Seiring perdebatan tentang Laut China Selatan berkecamuk, kapal penangkap ikan China telah berulang kali dan secara ilegal melanggar ZEE negara lain. Nelayan China tampaknya dilindungi oleh penjaga pantai negara itu, yang ukuran dan tonase keseluruhannya sama dengan banyak kapal perang dan fregat angkatan laut asing. Hal ini telah membuat Richard Heydarian, seorang akademisi di Universitas Filipina, berbicara tentang “milisi-isasi” LCS.
Agar ada terobosan di Laut China Selatan, China harus menerima bahwa tidak ada yang namanya “hak historis” di bawah UNCLOS, di mana China menjadi penandatangan. Perlu diingat bahwa UNCLOS diperkenalkan dan diterima oleh komunitas internasional pada 1982.

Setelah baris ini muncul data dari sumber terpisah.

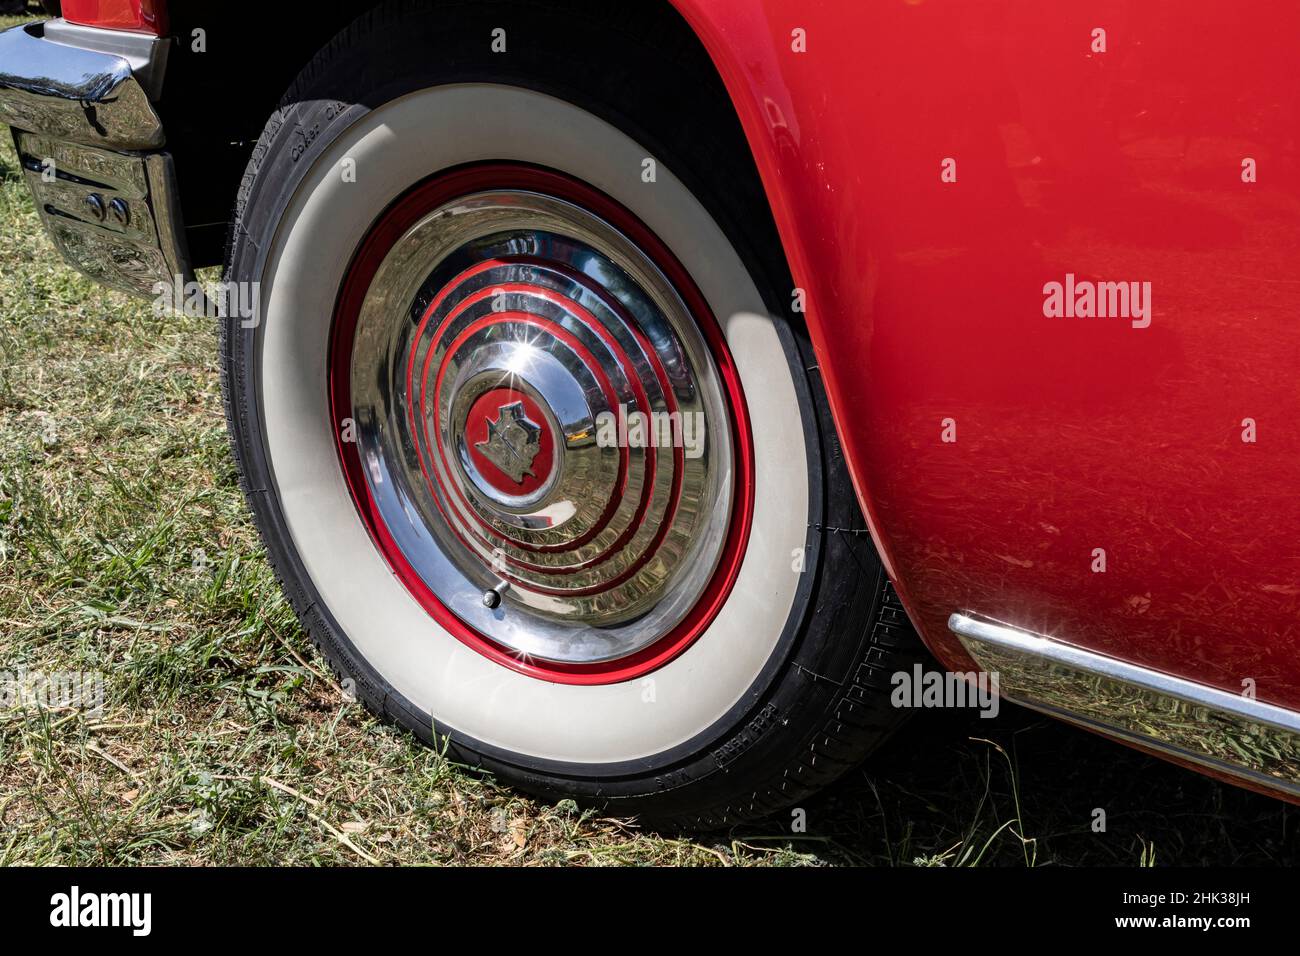 Marble Falls, Texas, USA. Whitewall tires and chrome hubcap on a vintage Mercury Monterey. (Editorial Use Only) Stock Photo

China mengakui UNCLOS tanpa tekanan asing pada 1996. Untuk meningkatkan legitimasi peran AS di Laut China Selatan, Washington harus menandatangani dan meratifikasi UNCLOS juga.
Taruhan sengketa Laut China Selatan (untuk semua negara, tetapi terutama dengan China) tidak bisa lebih tinggi. Laut China Selatan melihat sekitar 5 triliun dolar AS perdagangan maritim setiap tahun, menurut William Pesek, sebelumnya dari Bloomberg Press, di mana hampir 60 persen darinya masuk melalui Selat Malaka yang sempit.
Selain itu, sekitar 11 miliar barel minyak diyakini berada di bawah dasar laut, selain 190 triliun kaki kubik gas alam cair. Kecuali jika komunitas internasional dapat membuat China menyerah pada klaimnya yang dipertanyakan atas sebagian besar Laut China Selatan, jalur air tersebut kemungkinan akan menjadi titik pertikaian permanen yang dapat menyebabkan konflik di masa depan.
Di situlah letak bahaya dari masalah Laut China Selatan yang belum terselesaikan. Jika China melanjutkan militerisasi dan “milisi-isasi” LCS, maka negara-negara ASEAN hanya dapat menunggu waktu, seiring mereka menunggu kekuatan regional pulih dari wabah Covid-19 yang parah untuk mengimbangi China.
Melihat situasi saat ini, ASEAN tidak dapat berbuat banyak untuk memaksa China berperilaku. Inilah sebabnya mengapa Singapura percaya bahwa AS setidaknya harus memainkan peran sebagai penyeimbang eksternal di Laut China Selatan, idealnya dengan Jepang, India, dan Australia dalam peran pendukung untuk membatasi pelanggaran berulang China di ZEE negara lain.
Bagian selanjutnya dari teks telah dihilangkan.